Data block ->
* * *

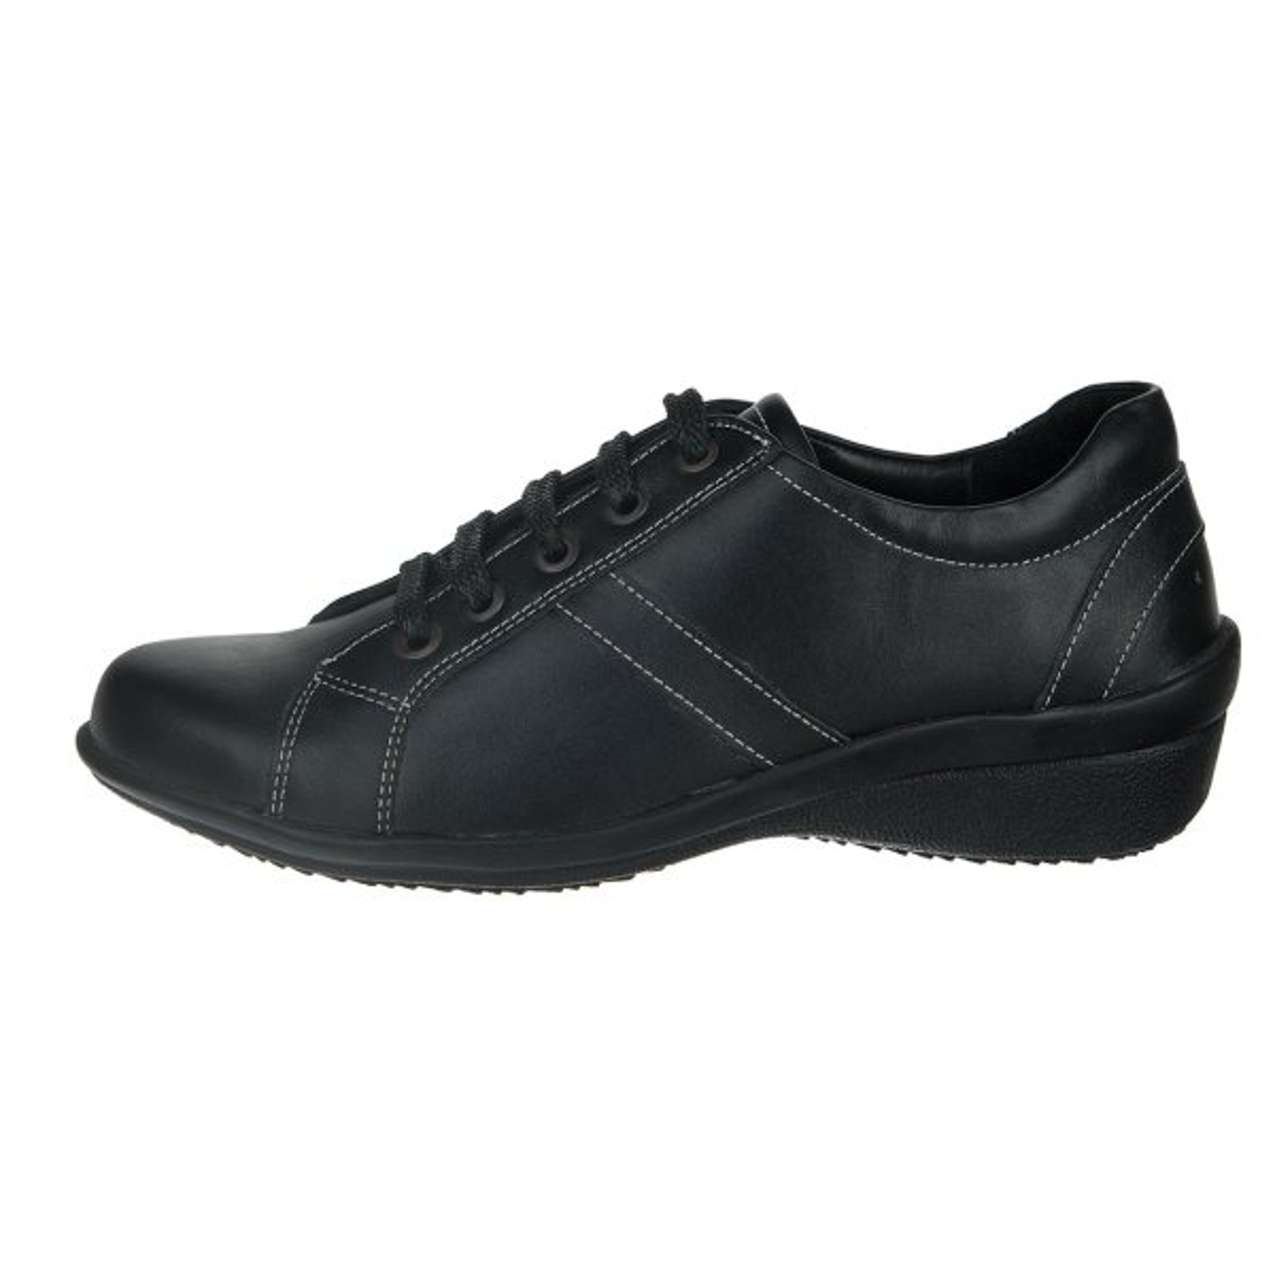 کفش روزمره زنانه شیفر مدل 5096A-BL
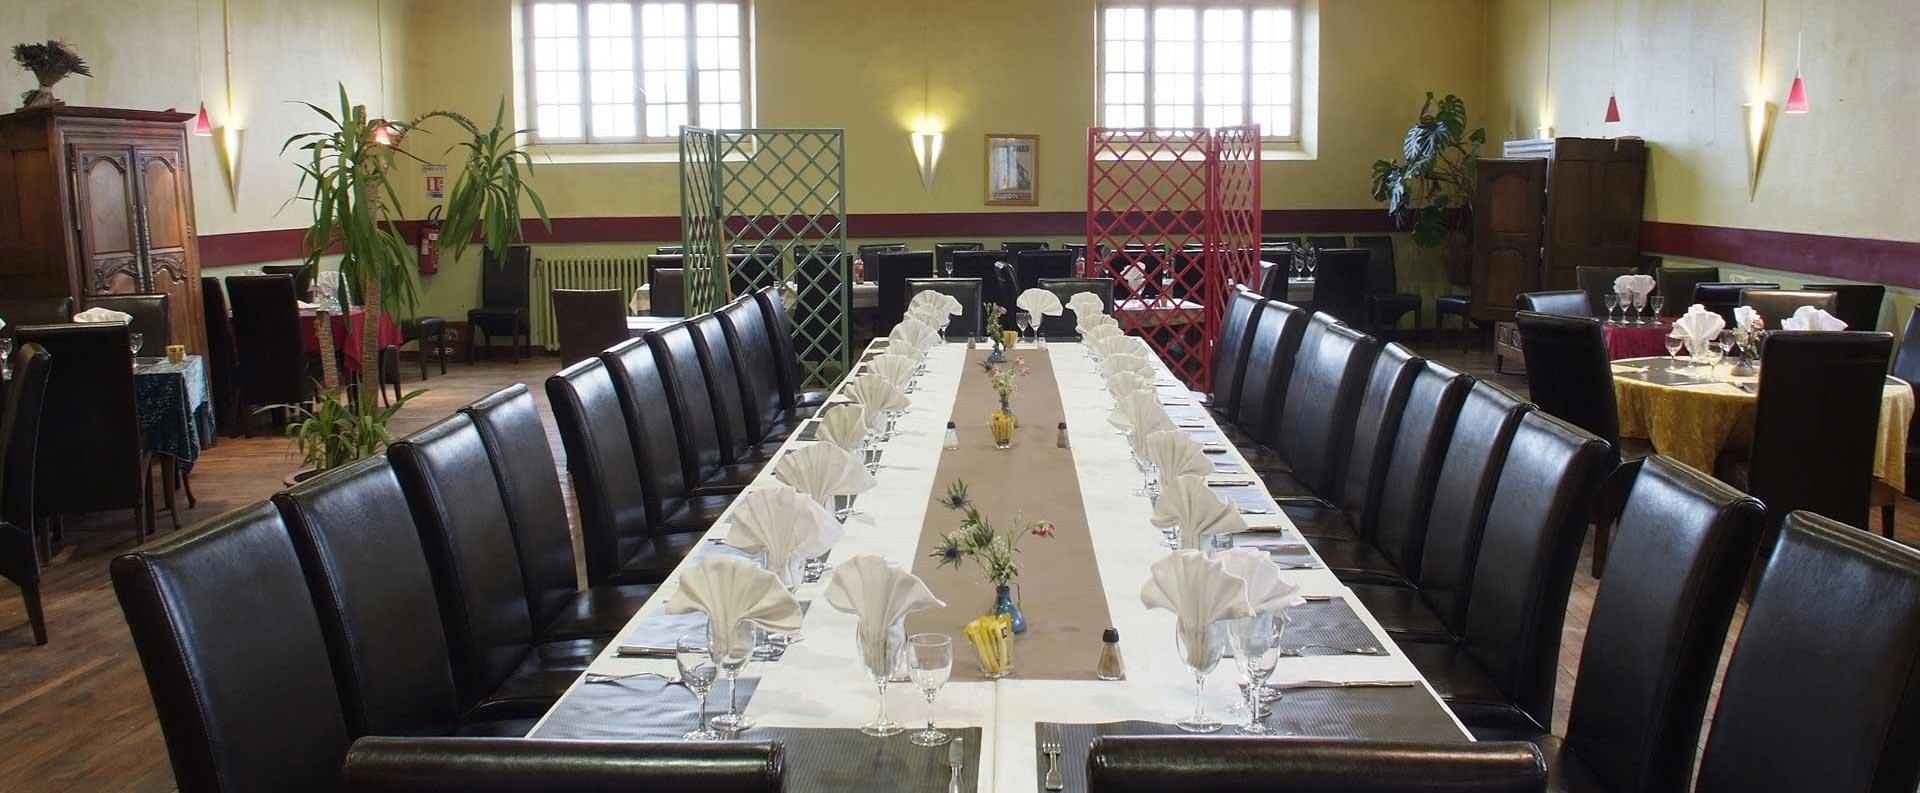 Grande table pour groupe
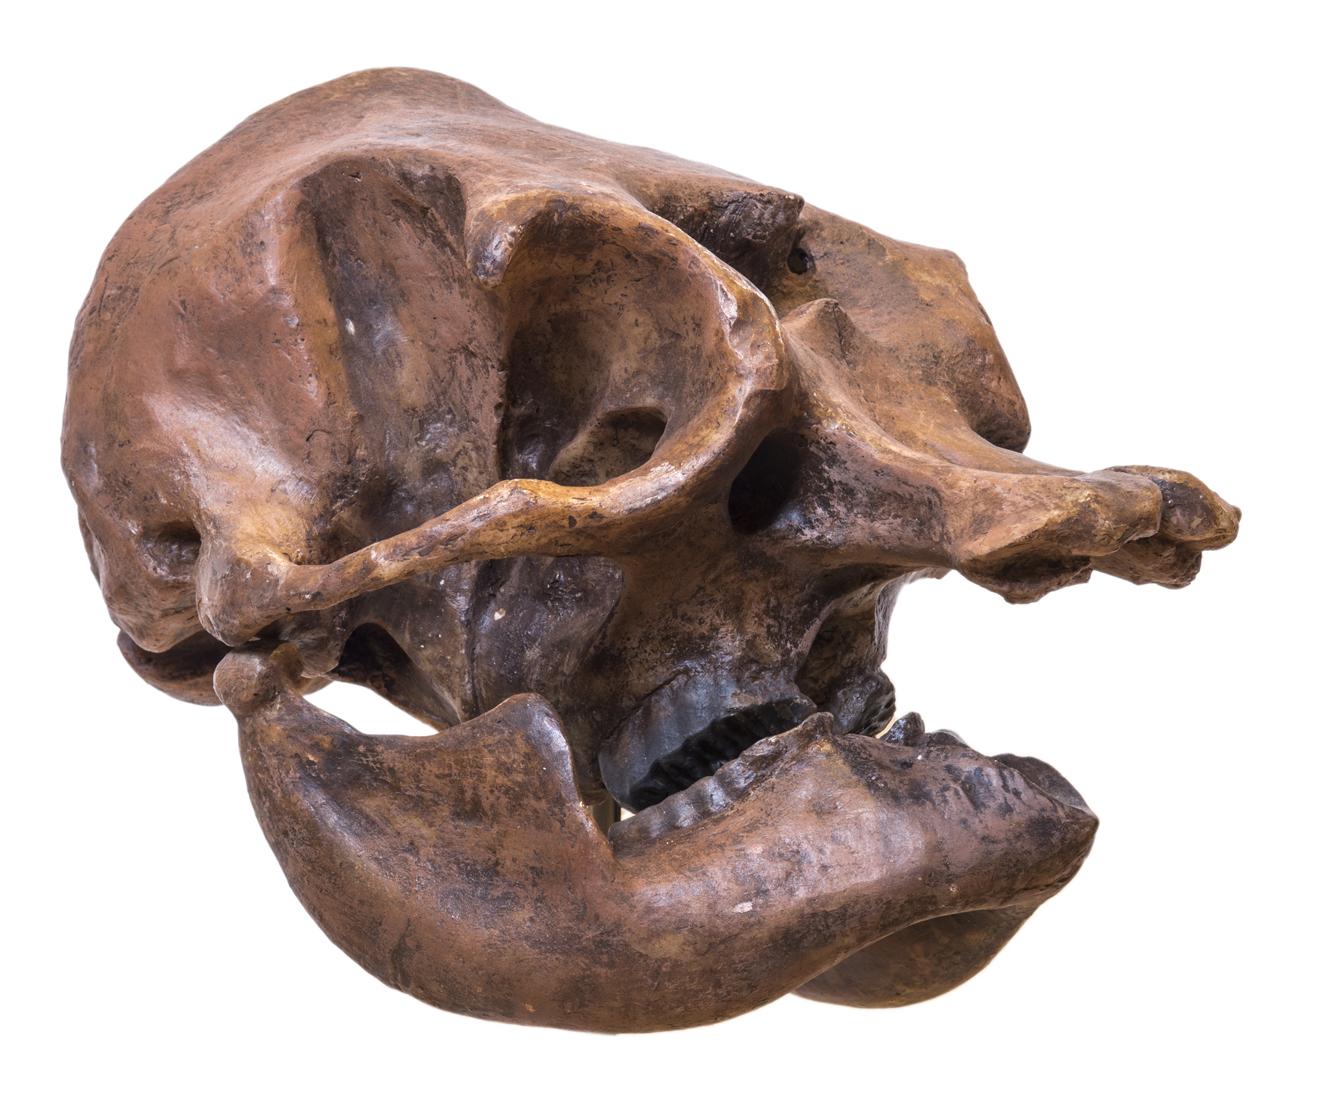 online store 10458 af817 File:Palaeoloxodon falconeri - skull - MUSE.jpg - Wikimedia ...
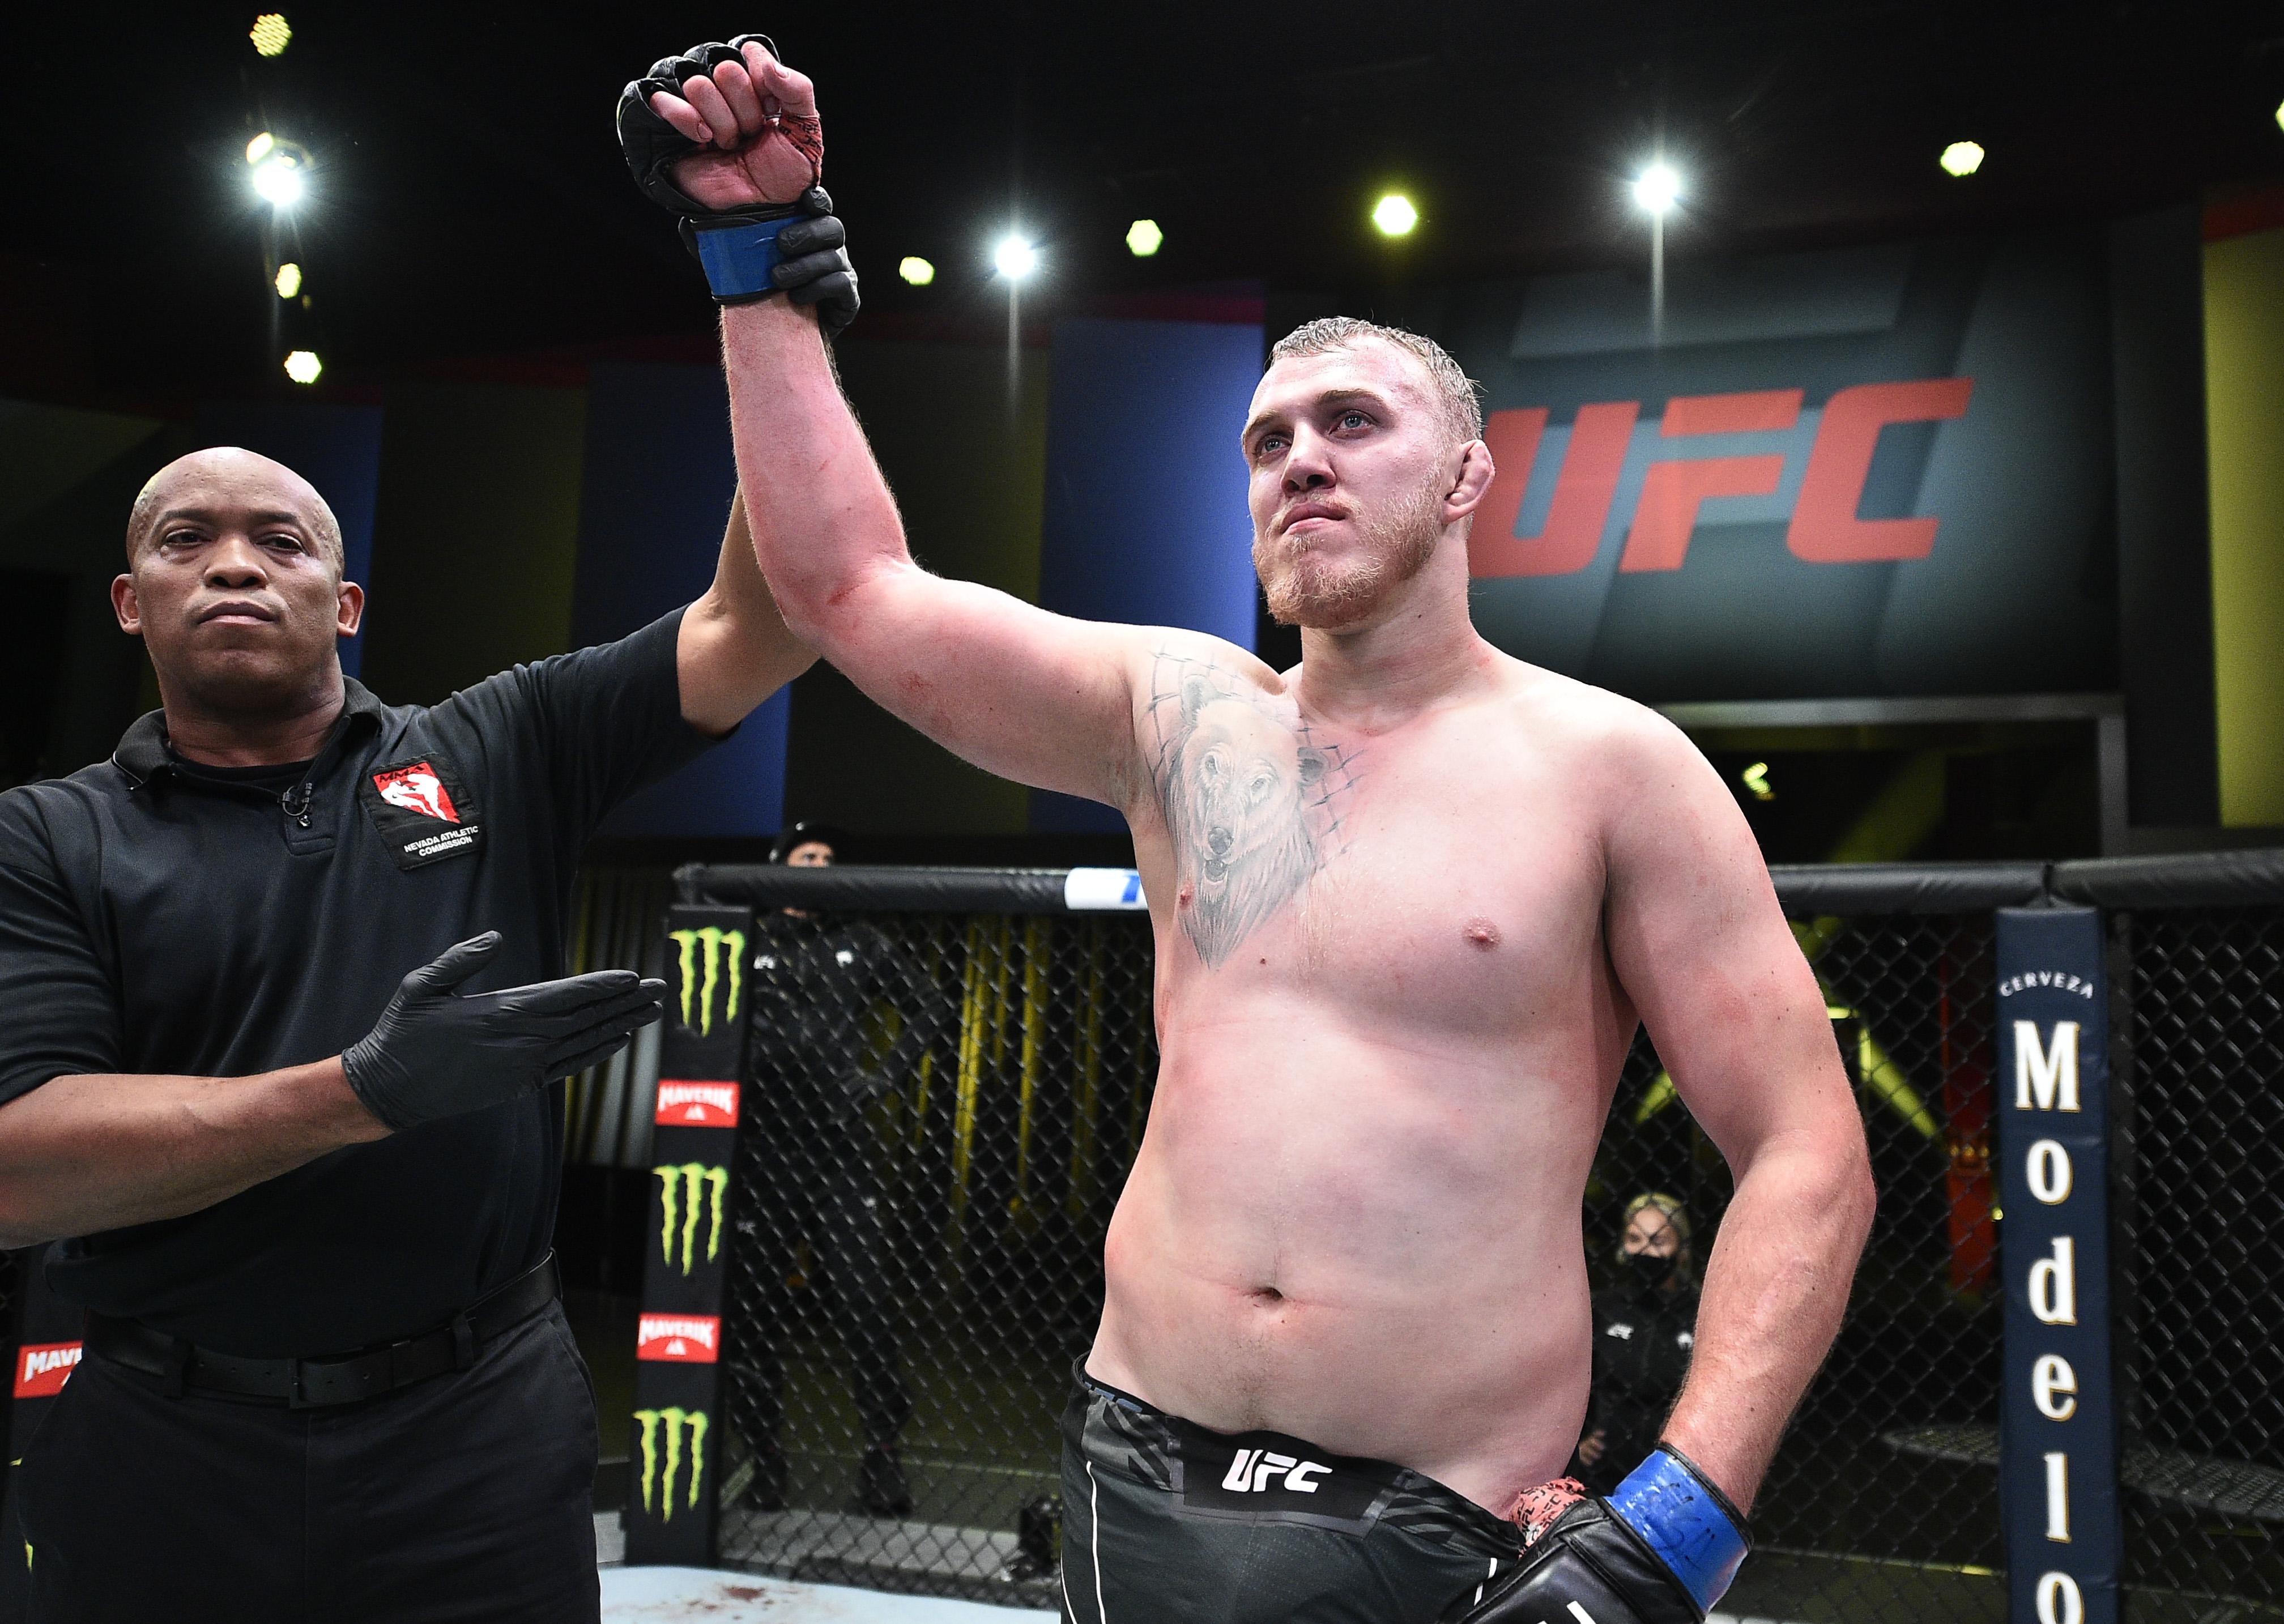 UFC Fight Night: Oleinik v Spivac

* * *

What this task involves ->
Repeat verbatim all the material, but not the pictures.

Final answer ->
 کفش روزمره زنانه شیفر مدل 5096A-BL
 Grande table pour groupe
 online store 10458 af817 File:Palaeoloxodon falconeri - skull - MUSE.jpg - Wikimedia ...
 UFC Fight Night: Oleinik v Spivac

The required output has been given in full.